Children mine for gold at great risk to their health

RICHARD C. PADDOCK AND LARRY C. PRICE, FOR THE INQUIRER


LAST UPDATED: Friday, December 27, 2013, 10:35 Pm

First of two parts.

SANTA BARBARA, Philippines - Romnick Bocejo picked up his blowtorch and blasted a small lump of mercury and gold. A cloud of toxic fumes rose around his head as the heat vaporized the mercury. He covered his mouth and nose with his T-shirt, and kept working.

At 16, Bocejo has worked half his life in the meager family business: looking for gold in the remote mining region of Camarines Norte, about 200 miles southeast of Manila.

One of his jobs is to burn the mercury, and on this occasion, he produced a button-size lump of nearly pure gold. He is uncertain whether to believe the smoke is dangerous.

"I have been doing this since I was 8," he said. "I do it every day now. I don't know if the mercury contains poison. No one has ever told me that."

Bocejo is among the 115 million children ages 5 to 17 who work in hazardous occupations worldwide, the United Nations International Labor Organization estimates. About a million children work in mining, and many are exposed to mercury while their growing brains are most vulnerable.

Mercury's perils are well known. The liquid metal can cause tremors, memory loss, brain damage, and other ailments. It accumulates in the body over time, and its effects are irreversible. It can be absorbed through the skin, ingested in food, or inhaled as a vapor.

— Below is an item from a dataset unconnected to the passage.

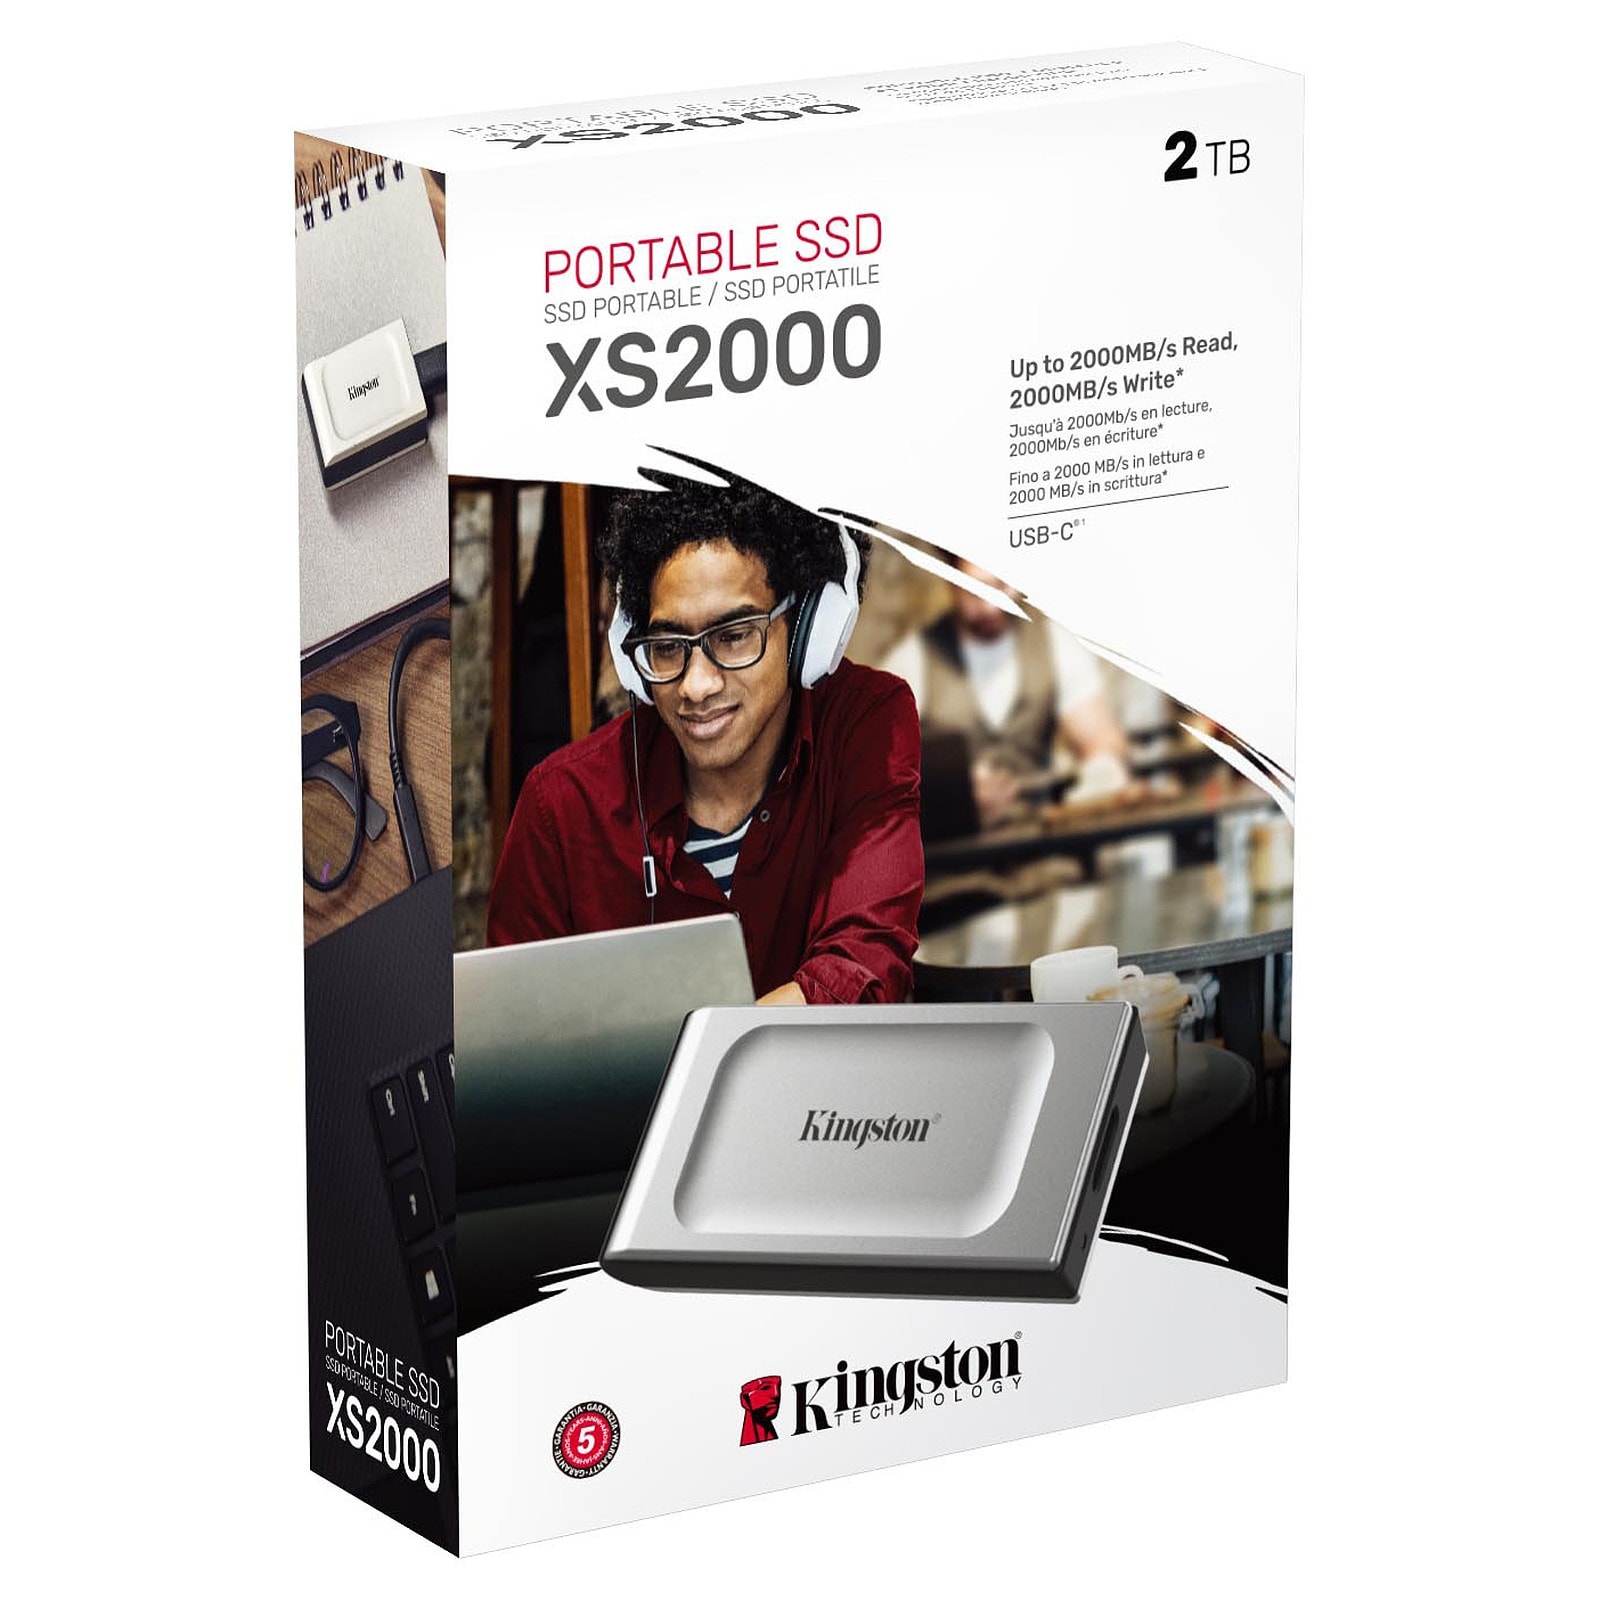 Portable SSD XS2000

Small-scale gold mining is the largest source of mercury emissions caused by humans, accounting for more than 35 percent of the global total, according to the U.N. Environmental Program.

Mercury use is widespread in the Philippines and Indonesia, where child labor is common and small-scale gold miners operate freely.

On the Indonesian island of Sulawesi, thousands of miners hack apart mountains in Poboya-Paneki Grand Forest Park and use mercury to process the ore. On Borneo, miners clear-cut the rain forest and dredge the soil in the hunt for gold, poisoning the environment and themselves with mercury and leaving thousands of acres of wasteland.

The two neighboring Southeast Asian nations, made up of about 25,000 islands, restrict the use of child labor. The burning of mercury is prohibited in the Philippines and in parts of Indonesia, but in both countries, pervasive corruption and weak central governments make it difficult to curb these practices, especially in remote areas.

"That's the problem in developing countries," said Halimah Syafrul, assistant deputy for hazardous substance management in Indonesia's Ministry of Environment. "Our government can be bribed. Money can talk."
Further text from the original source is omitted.